- Classification: United church
- Orientation: Protestantism
- Theology: Pietist, Reformed
- Associations: World Communion of Reformed Churches, Baptist World Alliance, International Federation of Free Evangelical Churches, United Methodist Church, European Baptist Federation, World Methodist Council, World Council of Churches, Conference of European Churches
- Region: Sweden
- Headquarters: Bromma, Sweden
- Origin: 4 June 2011
- Merger of: Baptist Union of Sweden, Mission Covenant Church of Sweden, United Methodist Church of Sweden
- Members: ca. 59,000 (2022)
- Official website: www.equmeniakyrkan.se

= Uniting Church in Sweden =

Swedish Protestant Christian denomination

Uniting Church in Sweden (Swedish: Equmeniakyrkan) is a united Protestant denomination in Sweden.

==History==
It was established on 4 June 2011 by the merger of the United Methodist Church, Baptist Union of Sweden, and Mission Covenant Church of Sweden.

Initially the name of the unified denomination was the Joint Future Church (Gemensam framtid), before the name was changed during a conference in Karlstad on 11 May 2013 to the present Uniting Church in Sweden or Equmeniakyrkan in Swedish.

== Organization ==
The Uniting Church in Sweden consists of about 640 local congregations in Sweden, which collectively have about 59,000 members. The church serves around 130,000 people as of 2021.

Since 2007, the merging denominations also had a common youth organization called Equmenia. The intention to form the new denomination was made in the respective conferences in 2008, 2009 and 2010 before the final decision was made in 2011.

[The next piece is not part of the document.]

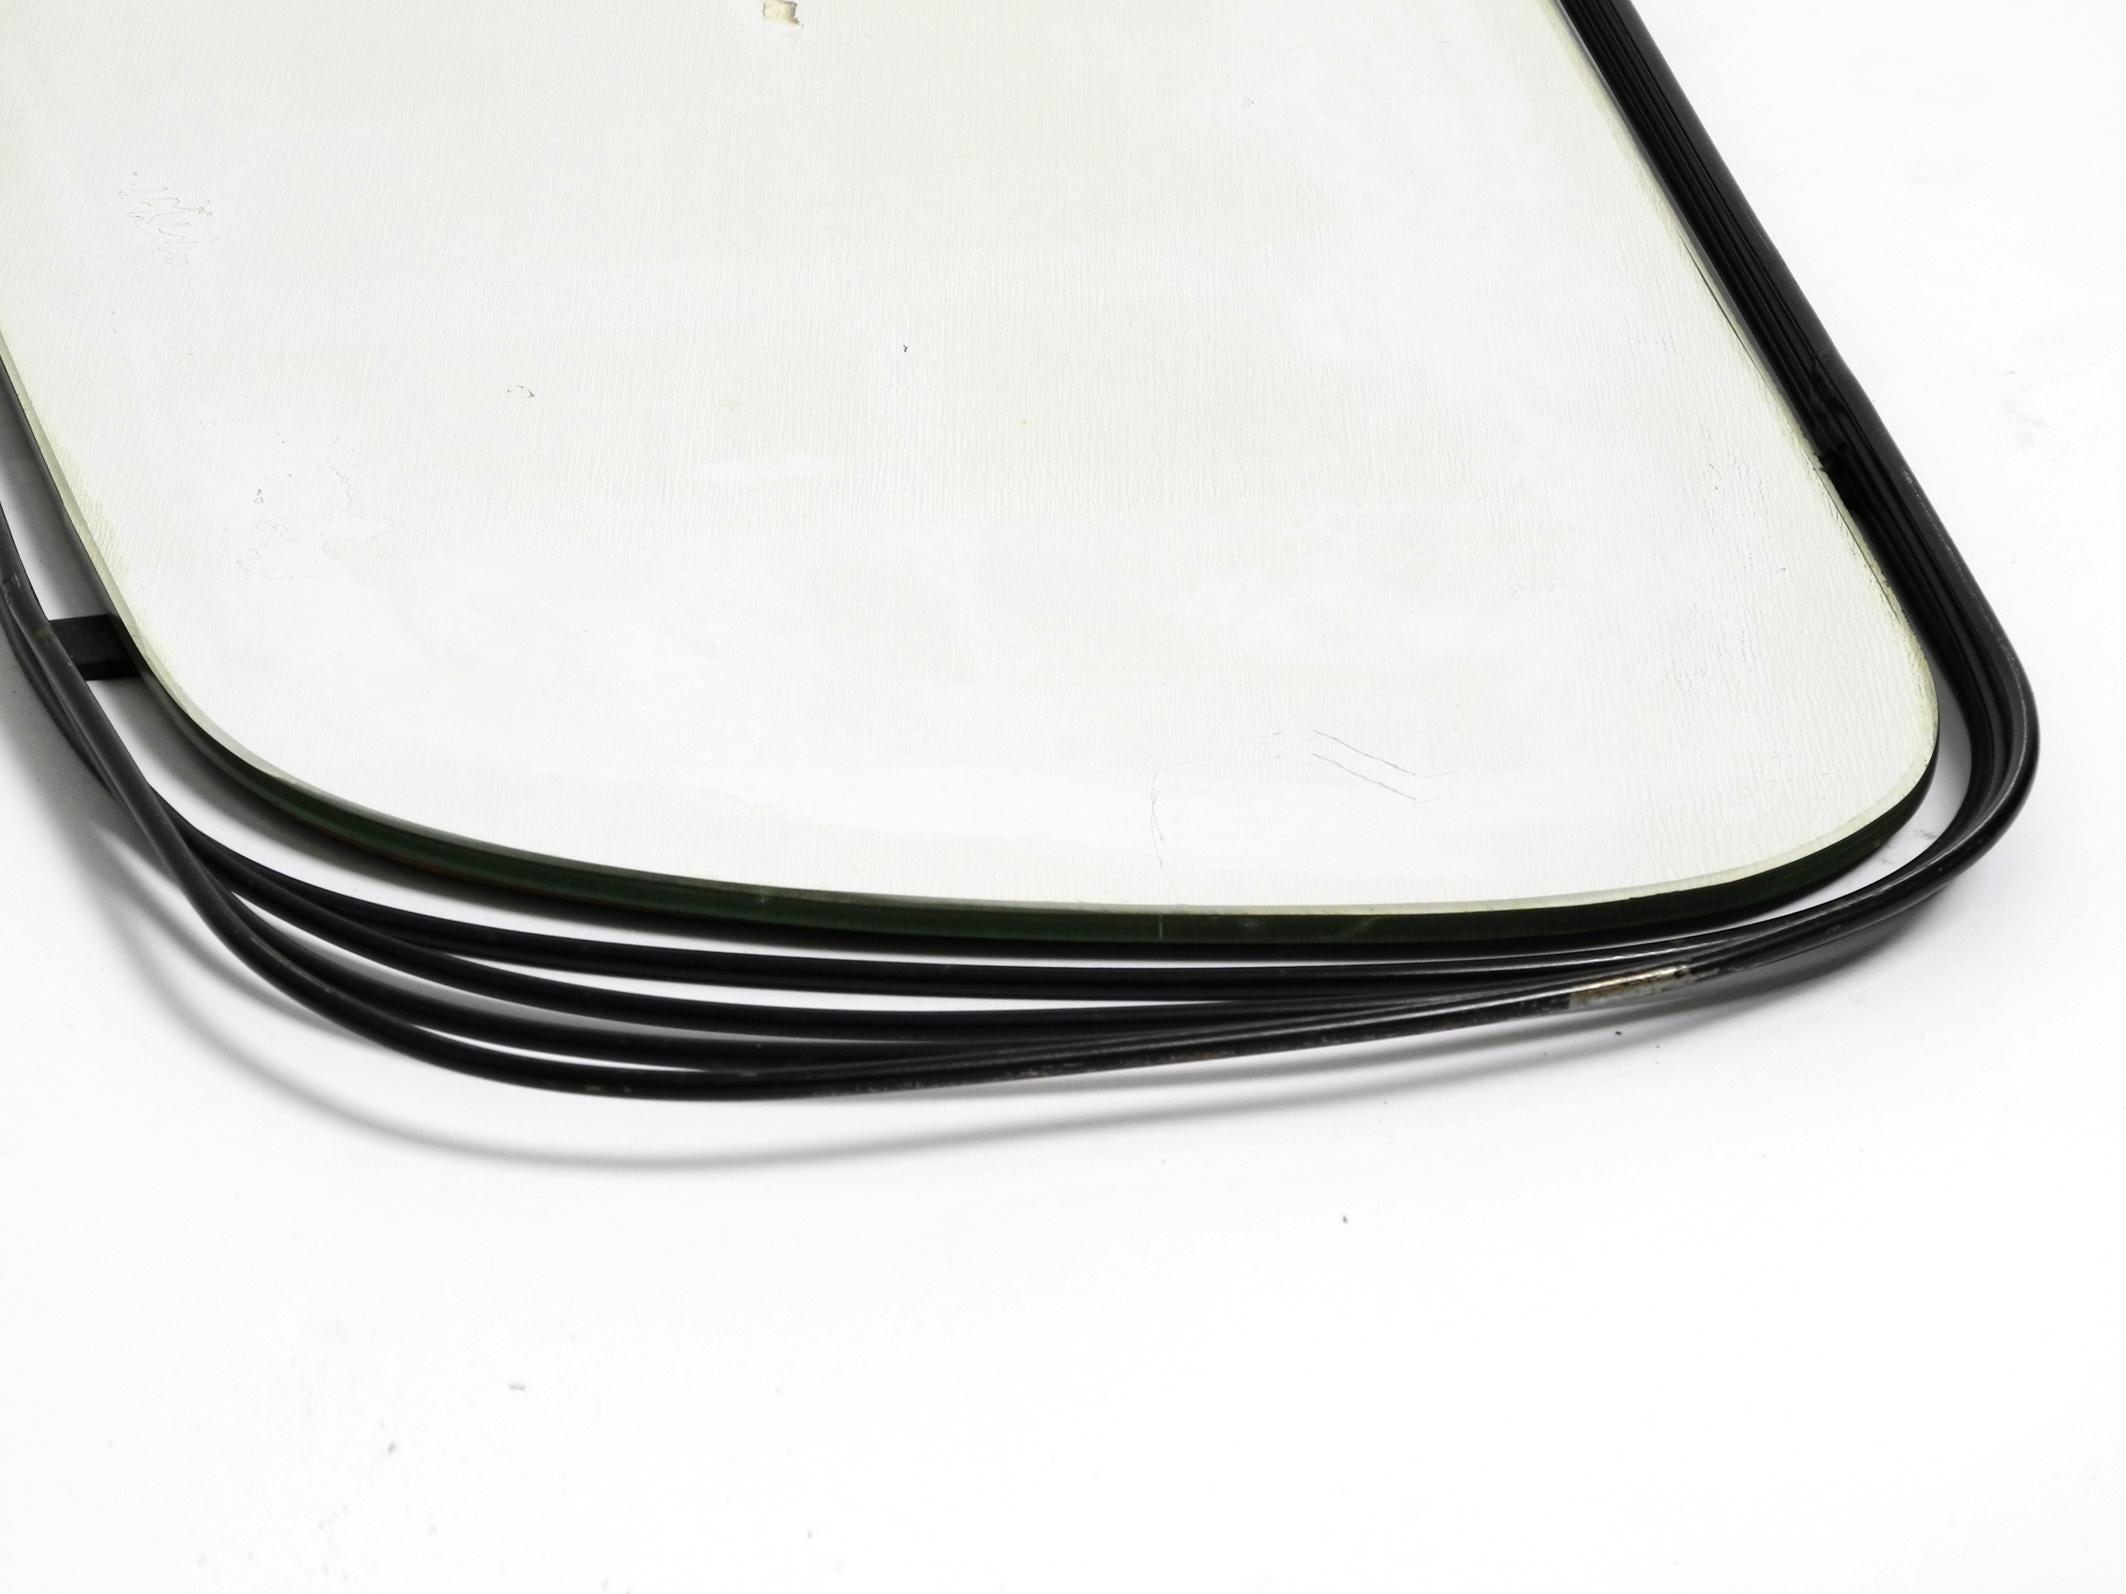 Rare Heavy Mid-Century Modern Wall Mirror with a Black Abstract Metal Frame For Sale 2

Since the inaugural meeting in 2011, the denomination's chairperson was Ann-Sofie Lasell, who was succeeded in 2014 by Tomas Bjöersdorff and in 2017 by Susanne Rodmar. The current chairperson, Dick Simonsson, was elected in 2026. The church conference in Linköping in 2012 elected Lasse Svensson as president and Olle Alkholm and Sofia Camnerin as vice presidents. All three were re-elected at the 2016 church conference in Stockholm. At the 2020 church conference, Lasse Svensson was re-elected as president, and Karin Wiborn and Joakim Hagerius were newly elected as vice presidents. In 2026 Karin Wiborn was elected as president and Niklas Pensoho as vice presidents.

The Uniting Church in Sweden runs University College Stockholm (formerly Stockholm School of Theology) and along with Equmenia runs Härnösand Folk High School, Sjövik Folk High School, Karlskoga Folk High School, Bromma Folk High School and Södra Vätterbygdens folkhögskola. Together with the Swedish Alliance Mission, it runs the aid organization Diakonia. The Uniting Church in Sweden is a member organization of the study association Bilda. Along with a number of other Christian denominations and organizations, it runs the nonprofit social work organization Hela människan. The Uniting Church in Sweden is a member of a number of international organizations, among them the World Council of Churches.

The church has an extensive international cooperation with sister churches in many countries.

== Ecumenism ==
The ecumenical agreements that previously existed between the Church of Sweden, the Mission Covenant Church of Sweden and the United Methodist Church of Sweden have since 2016 been adapted to a similar agreement between the Church of Sweden and the Uniting Church in Sweden.